Audio and Speech Eval Frameworks: WER, BLEURT, and MOS Scoring in CI

Audio and Speech Eval Frameworks: WER, BLEURT, and MOS Scoring in CI

Speech AI systems — transcription APIs, TTS engines, voice assistants — produce outputs that don't fit a binary pass/fail test. The question is never "did it produce output" but "is the output good enough." Answering that question consistently, automatically, and in CI requires evaluation frameworks purpose-built for audio and speech.

This guide covers the three most important evaluation approaches: Word Error Rate (WER) for transcription, BLEURT for natural language quality, and Mean Opinion Score (MOS) for speech synthesis. We'll set up each one with working code and show how to gate CI pipelines on them.

Word Error Rate (WER)

WER is the standard metric for automatic speech recognition (ASR) quality. It compares a reference transcript (ground truth) against the hypothesis (what the model produced) and counts the minimum number of word-level edits needed to transform one into the other.

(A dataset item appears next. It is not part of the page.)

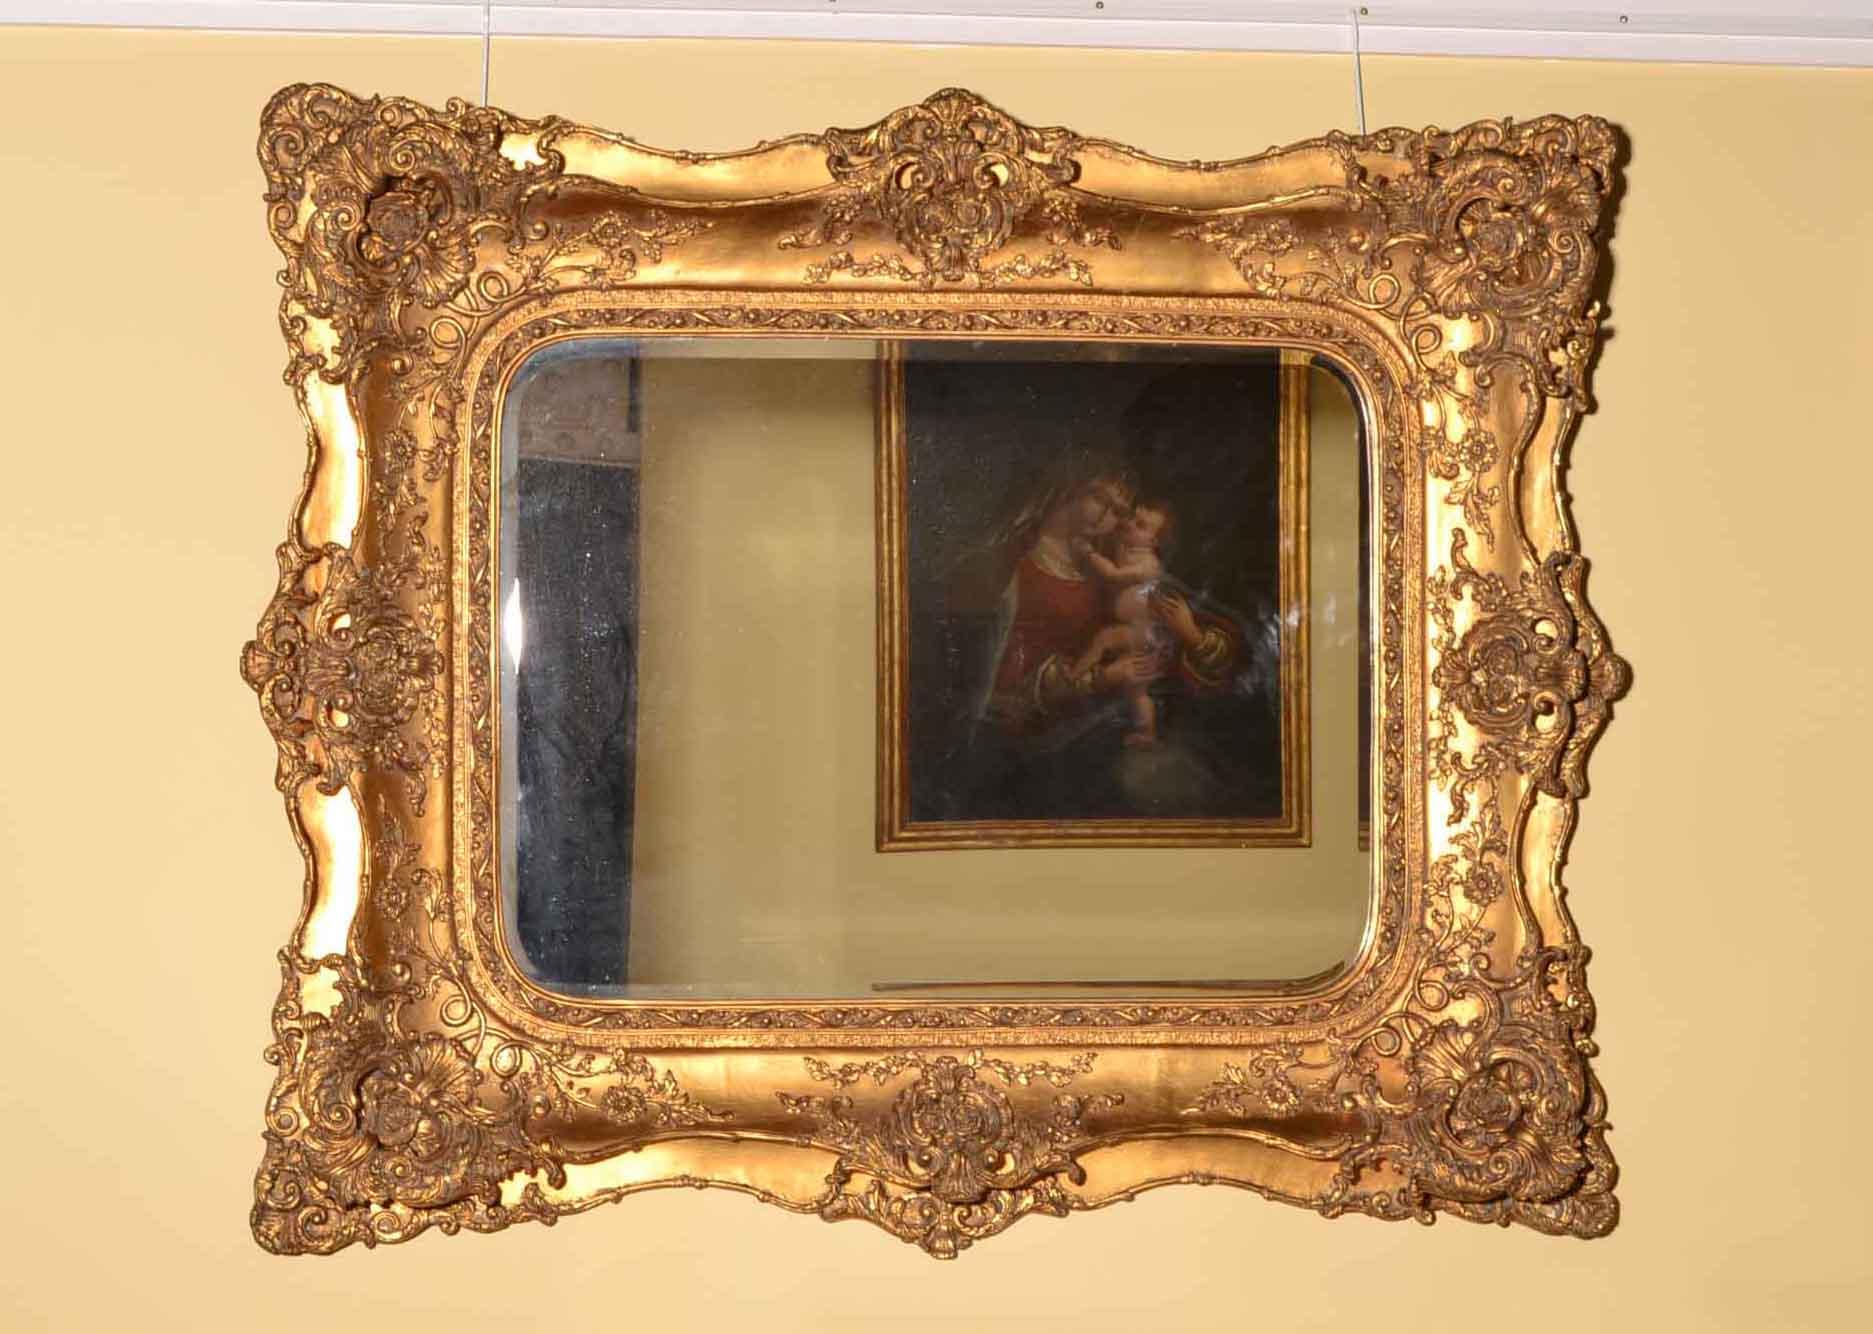 Regent antiques mirrors stunning large ornate italian for Ornate mirror

WER = (Substitutions + Deletions + Insertions) / Total Reference Words

A WER of 0.05 means 5% of words are wrong. General-purpose models like Whisper typically achieve 3–5% WER on clean English. Accented speech or technical vocabulary can push this to 15–25%.

Installing jiwer

pip install jiwer

Basic WER calculation

import jiwer

def compute_wer(reference: str, hypothesis: str) -> float:
    """
    Compute Word Error Rate after normalizing both strings.
    Normalization prevents trivial differences (case, punctuation)
    from inflating the error rate.
    """
    transform = jiwer.Compose([
        jiwer.ToLowerCase(),
        jiwer.RemovePunctuation(),
        jiwer.Strip(),
        jiwer.ReduceToListOfListOfWords()
    ])
    
    return jiwer.wer(
        reference,
        hypothesis,
        truth_transform=transform,
        hypothesis_transform=transform
    )

# Example
reference = "The meeting starts at three thirty in the afternoon."
hypothesis = "The meeting starts at 3:30 in the afternoon."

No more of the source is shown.